R also uses “lazy” evaluation, which means that an argument is evaluated only when it is needed. For example, we can create a function with two arguments, one of which is not used, because the first argument is matched positionally. The following example illustrates. No error is produced, because the 10 matched x positionally. Note that supplying a value for y makes no difference, either, as it is not needed by the function. Our function does not set a default for x, so there can be some damaged ways to call the function. Note that in the last call to our function, we explicitly name x in the ‘wrong’ position. These examples, of course, are not meant to encourage bad programming practice but simply to illustrate the way R works. We will hope to produce effective and efficient functions rather than ones that capitalize on R’s quirks:

> myFun <- function (x,y) {
+   print (x ^2)
+ }
> myFun (10)
[1] 100
> myFun (10 ,20)
[1] 100
> myFun(,10)
Error in print(x^2) : argument "x" is missing, with no default
> myFun(20,x=10)
[1] 100

5.4 Some Example Functions

In the following sections, I will show you a couple of examples of functions that I have written just for fun. The first is a function like the BMI function that we used earlier that queries for user input using the readline function, making the function interactive. As with the BMI function, it does not require arguments. The second is one that requires arguments, and we will examine in more detail how the arguments are evaluated.

5.4.1 Guess the Number

Here’s a problem similar to one used in many programming classes and books. The computer “thinks” of a number, and the user guesses until he or she either gets the number right, or runs out of tries. Although R may not be the best language for writing such a function, it is possible, and we can see at work in the function many of the things we have talked about. We will use the uniform distribution to pick a number between 1 and 100, and then let the user determine how many guesses he or she wants. The function has no arguments, instead querying the user for a new guess if the number is either too high or too low. If the person guess the number, R reports that fact and tells the user how many tries it took. If the person does not guess the number, R tells the user he or she is out of tries and then reveals the number it was ”thinking” about. We use the while loop rather than the for loop, because in this case we are not iterating through a vector, per se. It would of course be possible to rewrite this with a for loop based on the number of attempts. Note that the break statements halt the execution of the while loop when the person either guesses the number correctly or runs out of turns:

guessIt <- function(){
cat ("I am thinking of a number between 1 and 100"," ")
computerPicks <- as.integer(round(runif(1,1,100),0))
attempts <- as.integer(readline("How many guesses do you want? "))
count = 0
while (count < attempts){
count <- count + 1
  userGuess <- as.integer(readline("Enter your guess: "))
  if (count == attempts && userGuess != computerPicks) {
    cat("Sorry, out of tries.

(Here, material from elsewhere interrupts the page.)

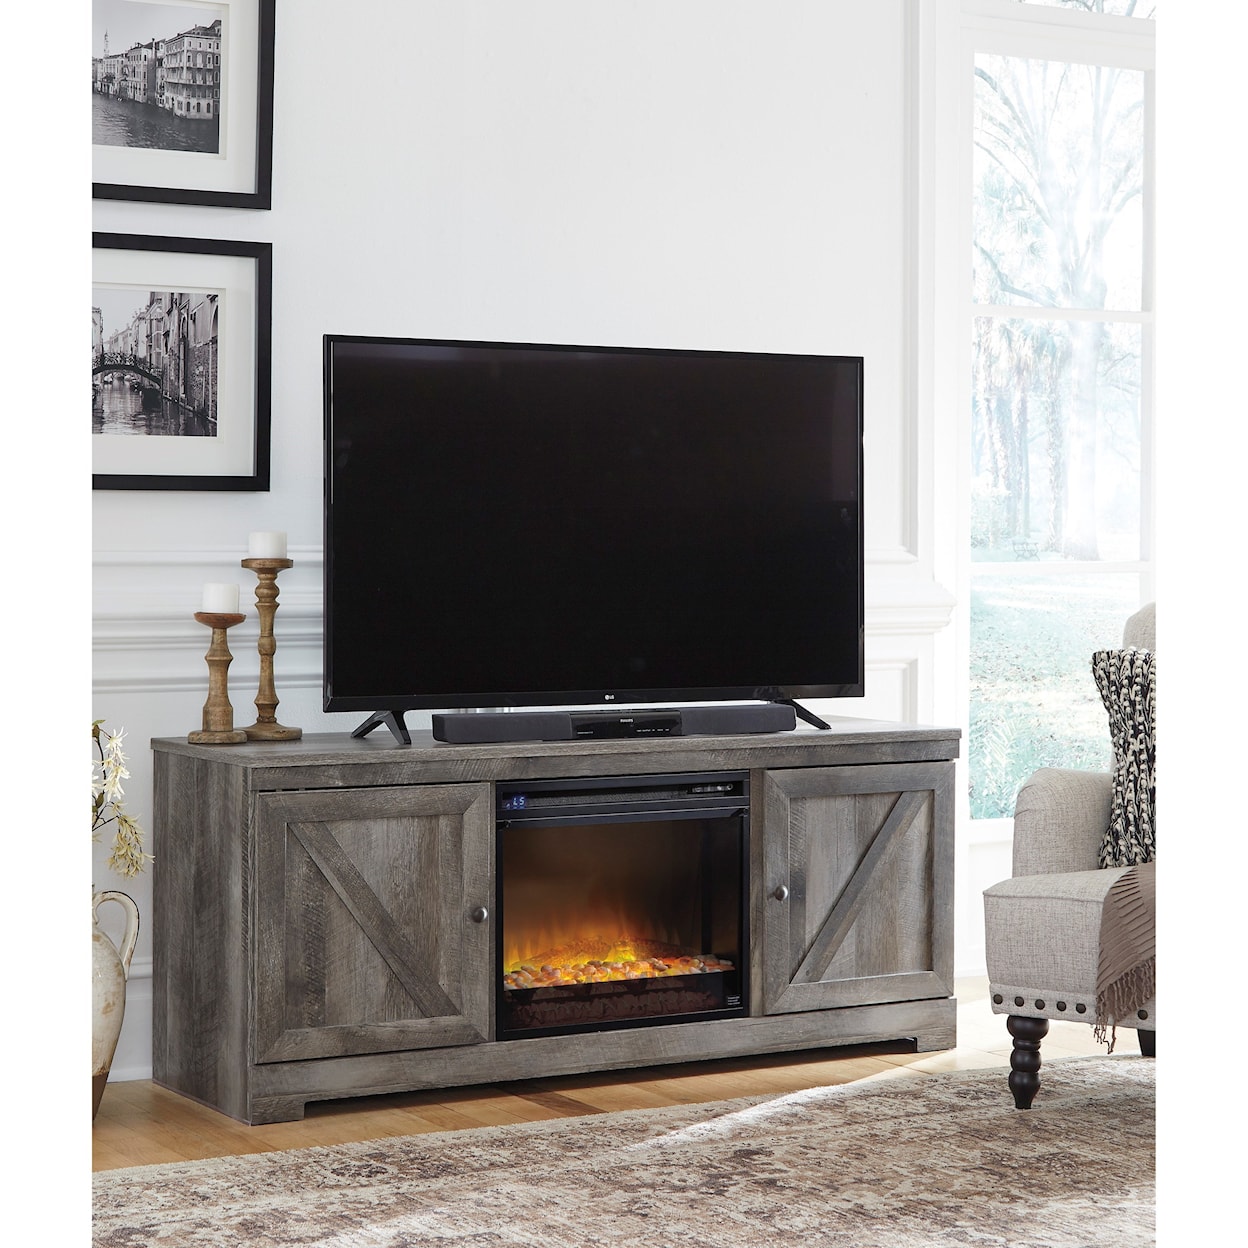 StyleLine Wynnlow Large TV Stand with Fireplace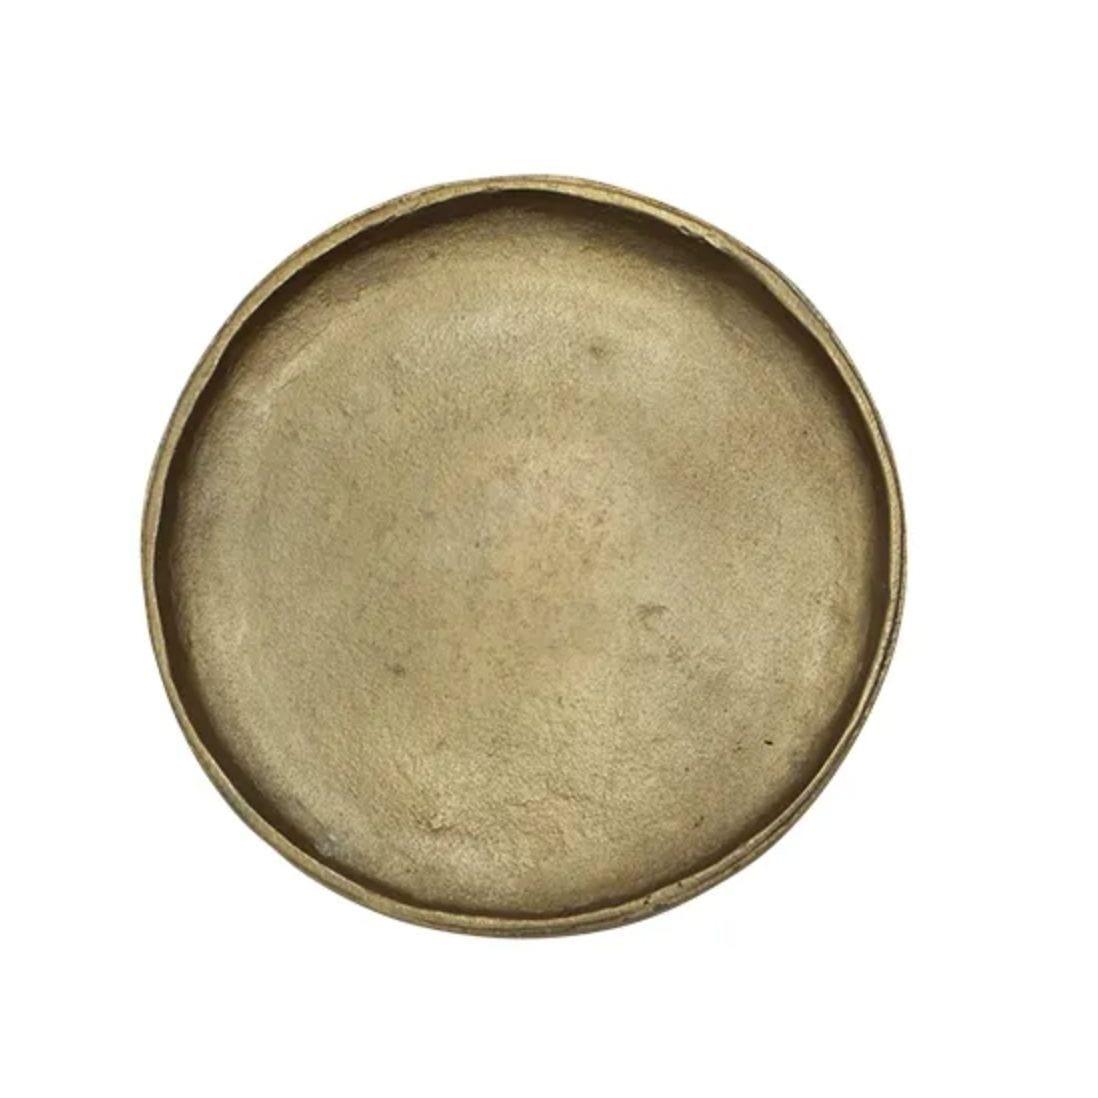 Hand Forged Brass Plate - Large House of Dudley

My number was ",computerPicks," ")
    break
    }
  if (userGuess == computerPicks) {
    cat("You got it in ", count, "tries."," ")
   break
   }
  if (userGuess < computerPicks ) {
    cat("Your guess is too low."," ")
    }
  if (userGuess > computerPicks){
    cat ("Your guess is too high."," ")
    }
  }
}

Here’s one of my attempts at guessing the correct number. I used the “splitting the difference” strategy, but there’s a bit of luck involved as well. You can adjust the function in various ways to make it more interesting, for example by letting the user pick the lower and upper bounds. I set the counter to zero initially so that when R increments it, I get the correct number for the number of tries:

> guessIt ()
I am thinking of a number between 1 and 100
How many guesses do you want? 7
Enter your guess: 50
Your guess is too high.
Enter your guess: 25
Your guess is too high.
Enter your guess: 13
Your guess is too low.
Enter your guess: 17
Your guess is too low.
Enter your guess: 22
You got it in 5 tries.

5.4.2 A Function with Arguments

Many students learn the general quadratic formula in their algebra classes. Compared to other approaches to solving quadratic equations, the general formula has the advantage that it always works. As a reminder, here is the general quadratic formula:

Eqn5-1.jpg

The discriminant of a quadratic equation is the expression under the radical. If the discriminant is positive, the equation will have two real roots. If the discriminant is zero, the equation will have one (repeated) real root, and if the discriminant is negative, the equation will have two complex roots. Assume that we are interested only in real roots. Let’s write a function to find the real root(s) of a quadratic equation. We will then test the function with different coefficients for a, b, and c to make sure that it works correctly:

> # function for finding the real root(s) of a quadratic equation
> quadratic <- function (a, b, c) {
+   discrim <- b^2 - 4*a*c
+   cat("The discriminant is: ", discrim, " ")
+   if(discrim < 0){
+     cat("There are no real roots. "," ")}else {
+   root1 <- (-b+ sqrt ( discrim )) / (2*a)
+   root2 <- (-b- sqrt ( discrim )) / (2*a)
+   cat("root1: ",  root1,   " ")
+   cat("root2: ",  root2,   " ")
+     }
+ }
> quadratic (2, -1, -8)
The discriminant is: 65
root1:  2.265564
root2:  -1.765564
> quadratic (1, -2, 1)
The discriminant is: 0
root1:  1
root2:  1
> quadratic (3, 2, 1)
The discriminant is: -8There are no real roots.

5.5 Classes and Methods

R supports various classes and methods. In particular, there are now three object-oriented systems that work in R: the S3 class, the S4 class, and the newer Reference Classes, called refclasses (previously talked about as R5 and also R6, an R package that implements simplified reference classes), which do not depend on S4 classes and the methods package. In this book, we will focus on some examples of S3 classes and methods. S4 classes and refclasses are more formal and typically only make sense in the context of larger programming projects, such as when developing an R package.

5.5.1 S3 Class and Method Example

To create an S3 class, we first form a list, and then we set the class attribute by using the class() or the attr() function. Say we are building a list of the donors to one of our favorite charities. Our list will include the person’s name, gender, and the amount last donated.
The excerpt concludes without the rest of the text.